One drawback is that the chapters are not organised into separate sections.
More than one-third of the articles in the book deal with vision-based mobile robot navigation from various perspectives. Navigation with the use of omnidirectional vision and navigation involving only a single camera or multi-camera set ups are described, to name a few. Among new methods are vision based navigation inspired by visual sonar-based reactive navigation, and navigation steering strategies for UAVs by using only a single perspective camera.
Several papers are dedicated to vision motion analysis for safe 3D navigation in unknown and dynamic environments. Various methods are described, such as motion analysis based on optical flow and removal of unwanted motion through image stabilisation in active vision.
Machine intelligence is also tackled; and, based on the assumption that intelligence is associated with sophisticated memory, a method of using sparse distributed memory (SDM) to navigate a robot is proposed.
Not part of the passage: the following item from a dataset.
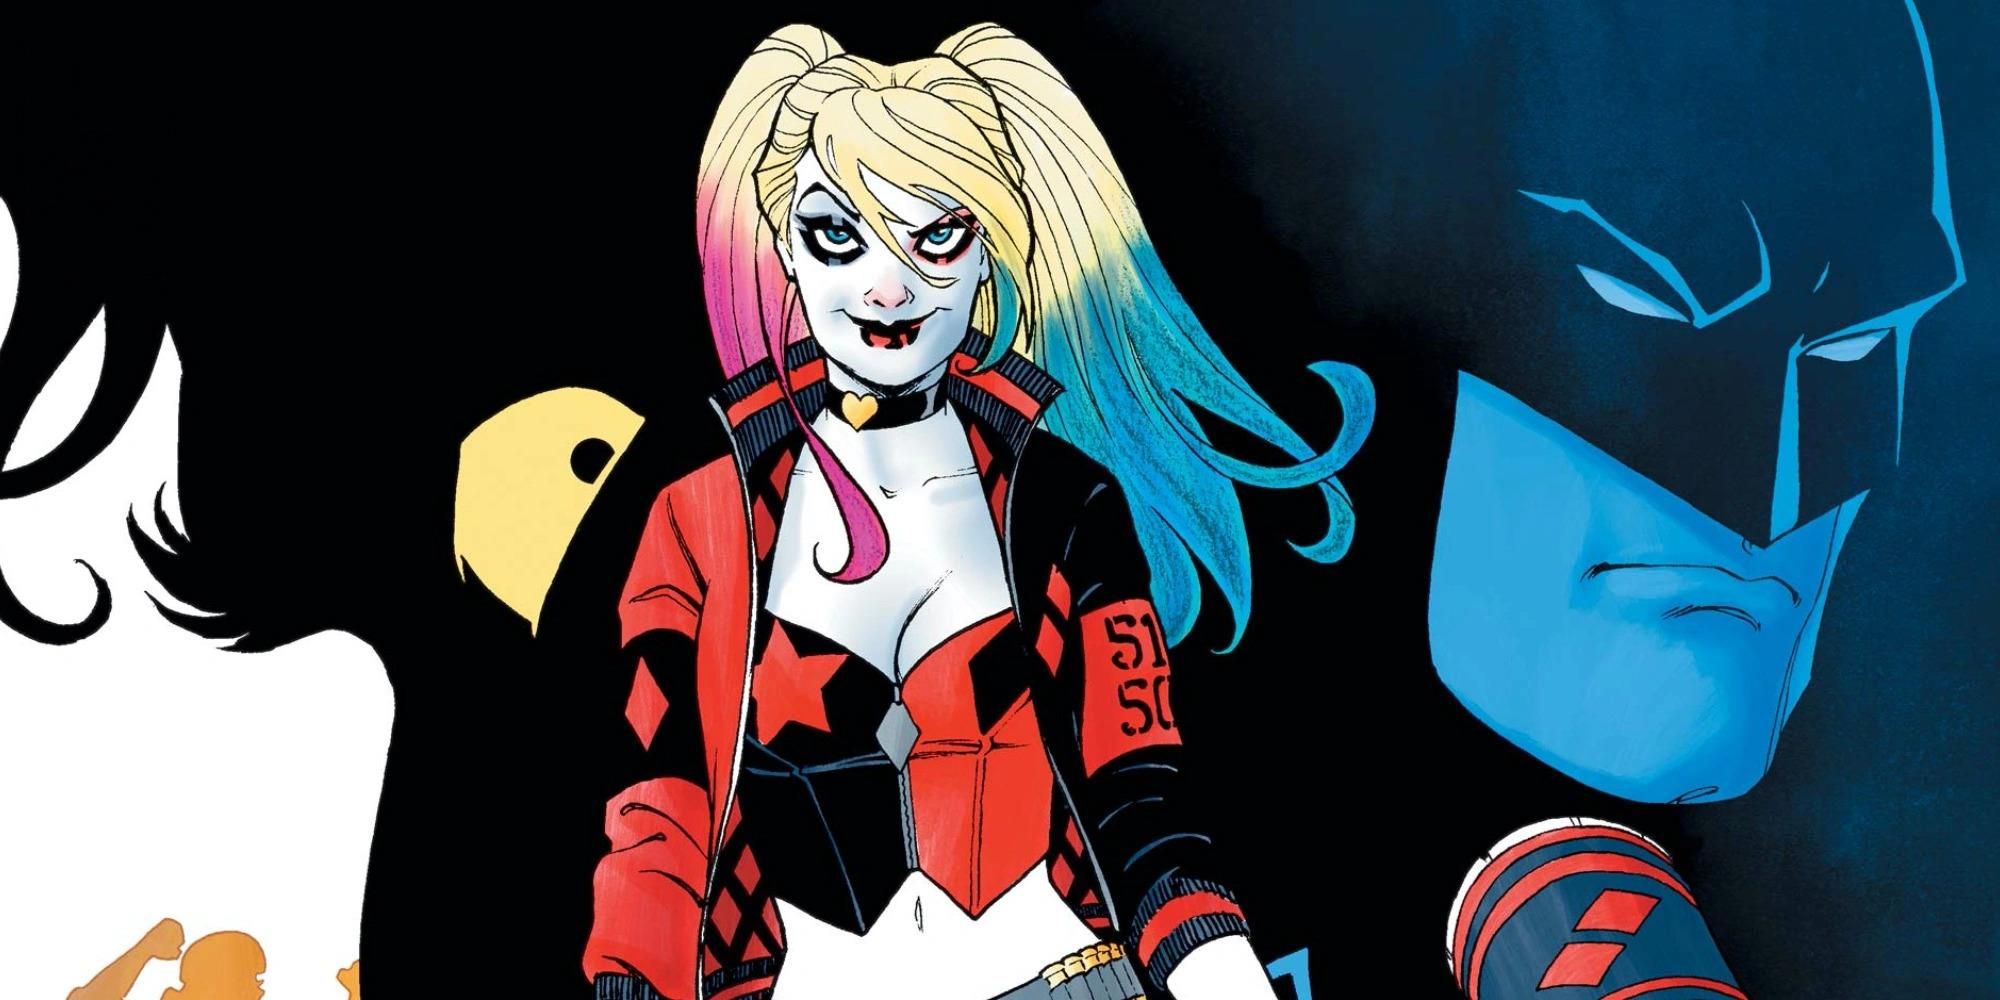 DC's Harley Quinn comic book appearance in front of Batman head

SDM is a kind of associated memory proposed by Kanerva (Kanerva, P., Sparse Distributed Memory, MIT Press, Cambridge, MA, 1988).
Vision based systems for acquiring 3D information, including stereo-vision in real time, structure from motion and time of flight cameras, are discussed as well.
Several papers present new methods to work with advanced vision systems, such as dioptric and hyperbolic catadioptric systems, in order to facilitate object detection, to ensure an integrated perception, or to focus on an optimal design of a system to minimise position errors.
A foveated vision system, similar to human eyes, is presented and shown to be beneficial for object recognition.
One article is dedicated to the development of new materials to achieve the required optical properties of lenses.
Systems where the data obtained from vision sensors are fused with the non-visual data are also discussed.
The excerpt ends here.